Cases requiring cautious interpretation of immunohistochemical UMB-1 staining (concentration 1:20; pre-treatment PC-C; columns 1–3) in view of 125I-[Tyr3]-octreotide autoradiography results (last column; bars indicate 1mm). A–F, meningioma: Wide-spread and strong UMB-1 positivity at low magnification (A) that is completely abolished by the immunogen peptide (B). At high magnification (C), there is often a blurred staining in the area of the cell membrane, but only rarely a clear membranous staining. This staining pattern is probably due to prominent intercellular interdigitations.
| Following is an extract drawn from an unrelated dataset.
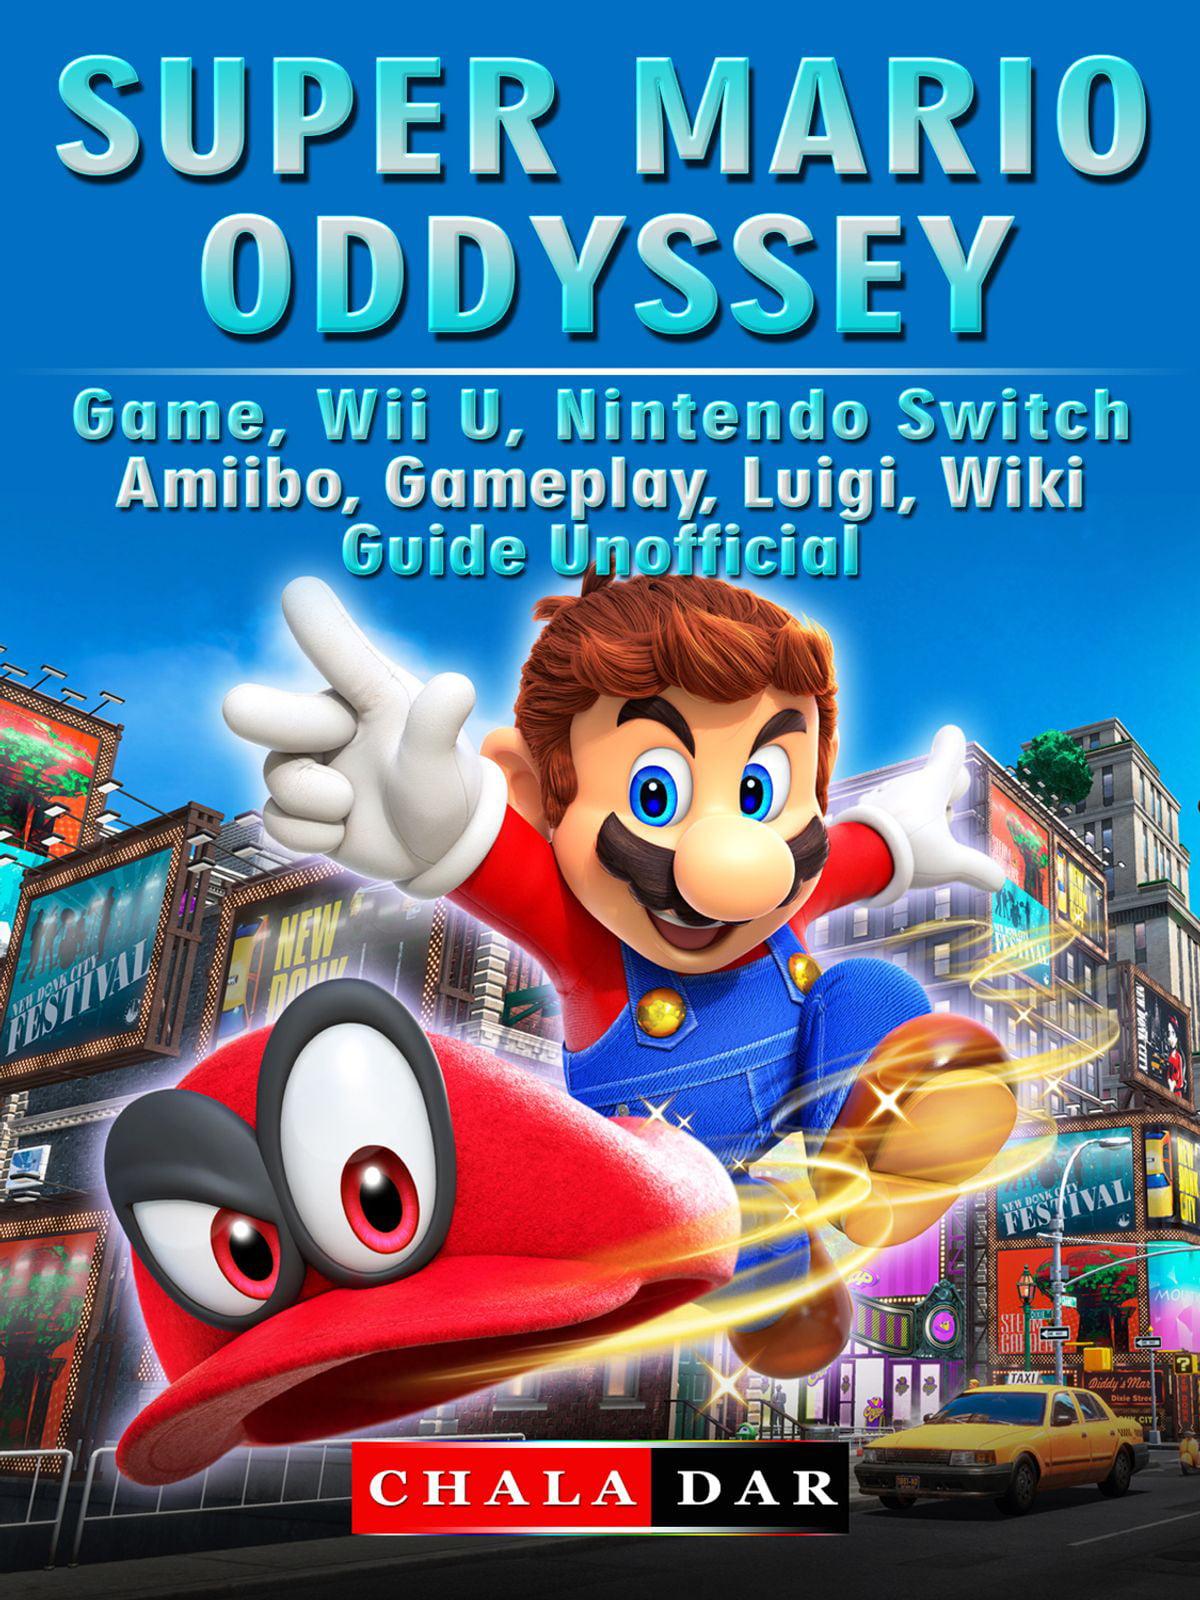 Super Mario Odyssey Game Wii U Nintendo Switch Amiibo Gameplay Luigi Wiki Guide Unofficial Ebook Walmart Com

Autoradiographically, there is strong specific 125I-[Tyr3]-octreotide binding to the entire tumor tissue (D–F). Although <10% of tumor cells show membranous staining, this tumor is an excellent candidate for in vivo somatostatin receptor targeting. G–M, ganglioneuroblastoma: UMB-1 staining is present in single ganglionic tumor cells (arrow; G) in a membranous distribution (I, high magnification), but not in larger areas of neuroblastic tumor cells (asterisk; G). UMB-1 staining of ganglionic tumor cells is completely abolished by the immunogen peptide (H), providing proof of specific UMB-1 staining. No specific 125I-[Tyr3]-octreotide binding with receptor autoradiography (K–M). Despite strong tumor cell staining, this tumor is apparently not suitable for in vivo somatostatin receptor targeting, as the total receptor number per tumor mass is too low.